Godzilla's burning eyes locked on the descending drop-pods. His home—his planet—was being violated.
"The bugs are attacking my homeland? Bastards."
[They can't escape now.]
The system was right. They'd flown straight into a trap of their own making. The Hive would only consider retreat after losing half its planetary forces—and that point was fast approaching.
But they weren't the only ones drawn in.
Elsewhere, in the void near Planet Godzilla, a rip in the Warp split open like a jagged wound. Out of it sailed a mighty warship—ancient, armored in forgotten glory. Ten kilometers long, encrusted with relics of the past, and bearing the proud insignia of the Ultramarines.
The vox crackled with static before the voice of the ship's Navigator rang out.
"Captain Wade, praise the Emperor—we've emerged from that cursed warp storm. The Astronomican is shining once again."
The captain, a towering man more akin to an Astartes than a mortal, didn't relax. He remained planted in his command throne.
"Adjutant. Confirm our coordinates. Star chart verification now."
A moment passed. Then:
"Sir, we're still in the Eastern Fringe. The Ultima Segmentum."
Wade exhaled slowly. Still in the same damn starfield, but at least now they knew where they were. The ship had been lost for decades—time in the Warp was never linear.
"Send word to Captain Heidel. Let him know we've made it—"
"No need," came a voice from the chamber doors.
From the shadows emerged warriors in ancient armor—Ultramarines, but not of the 41st Millennium. Their ceramite suits were painted in the early colors of the Great Crusade. Not MK VII, but MK II Crusade-era plate—relics of a time before even the Heresy.

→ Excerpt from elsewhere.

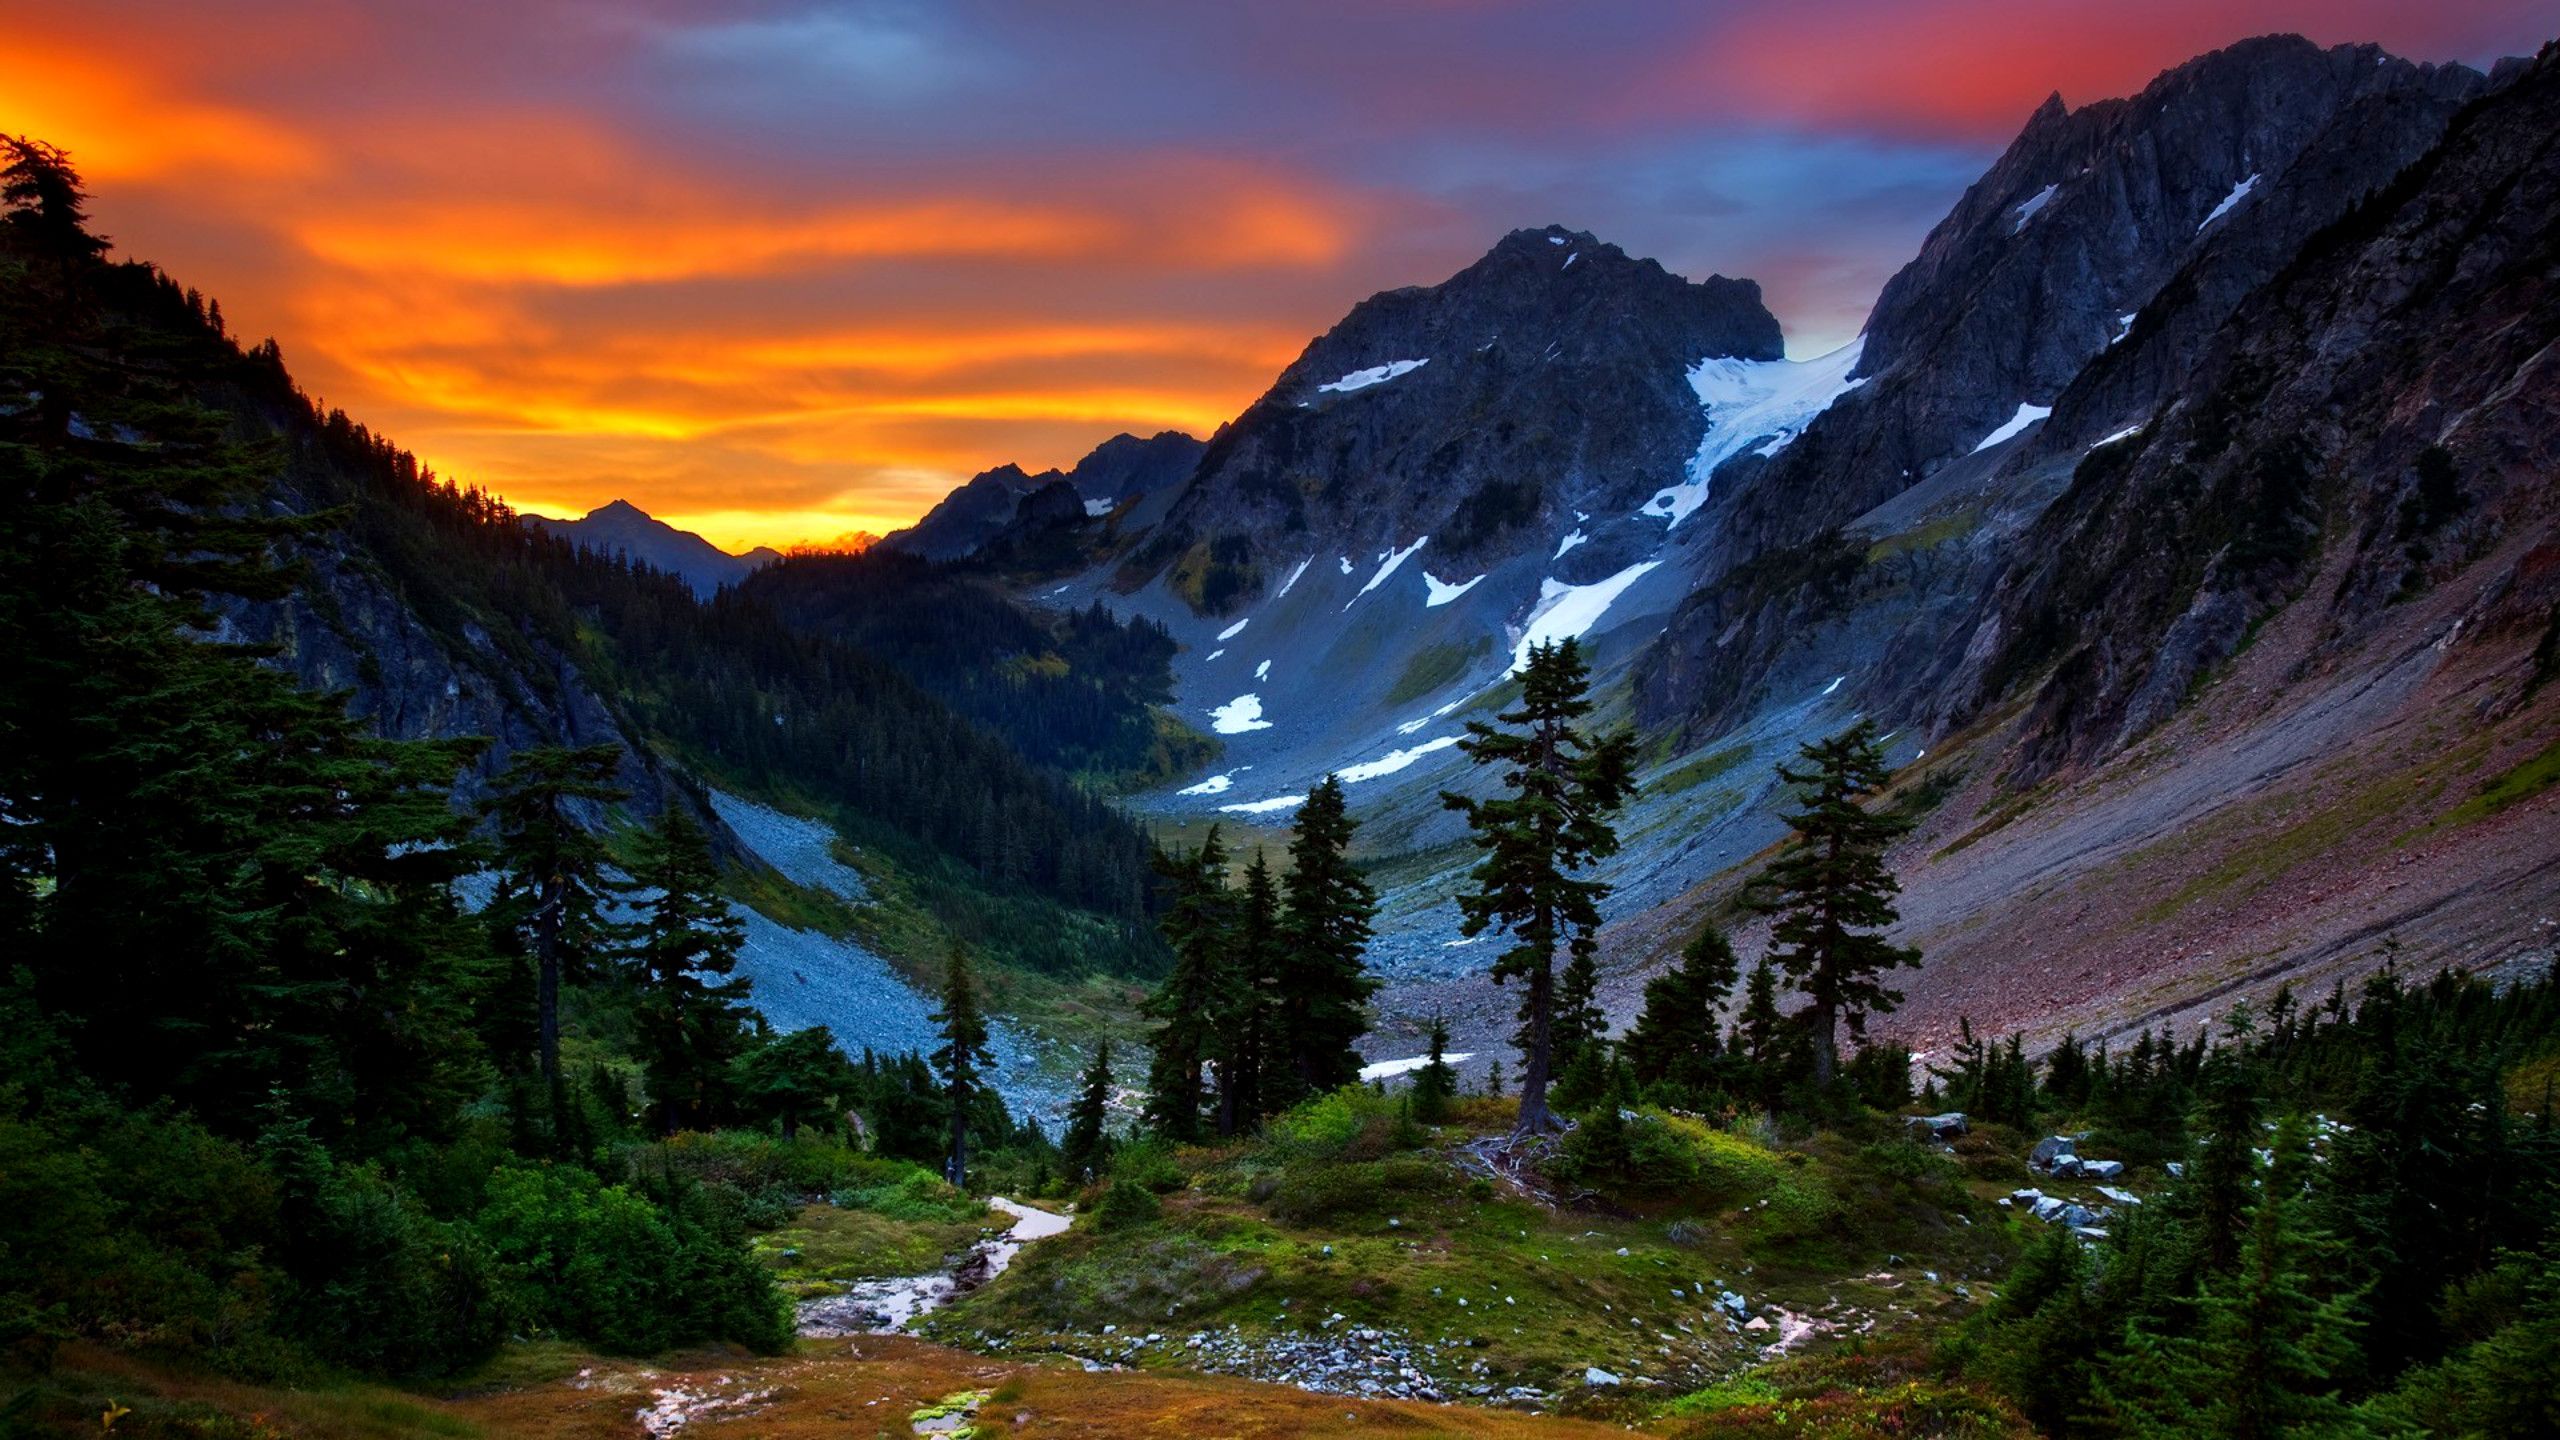 Mountain Background Image

Two members of the Ultramarines' Honor Guard entered, their faces obscured by golden eagle-masks, their pauldrons adorned with the sigils of Guilliman. Their armor was bloodied—enemy blood and their own.
At their front marched a behemoth in Terminator armor, radiating fury and loyalty in equal measure.
He spoke with righteous rage.
"When I return to Macragge, I will report the Word Bearers' betrayal to the Lord of the Five Hundred Worlds. Their treachery shall not go unpunished! We strike back—in fire and vengeance!"
They were time-lost warriors of the 30K era—Imperial forces who had been ambushed during the Heresy and stranded in the Warp. To them, only twenty years had passed. They'd spent fifteen of those fighting traitors aboard their own ship.
That's the beauty—and terror—of the Immaterium. Time collapses. Empires die and are reborn while you wander in circles. This wasn't just a lost Imperial battleship. It was a relic of history, pulled into the present day.
And the galaxy was worse than they remembered.
And somewhere below them, on a planet teeming with monsters made of light and rage, the war was just beginning.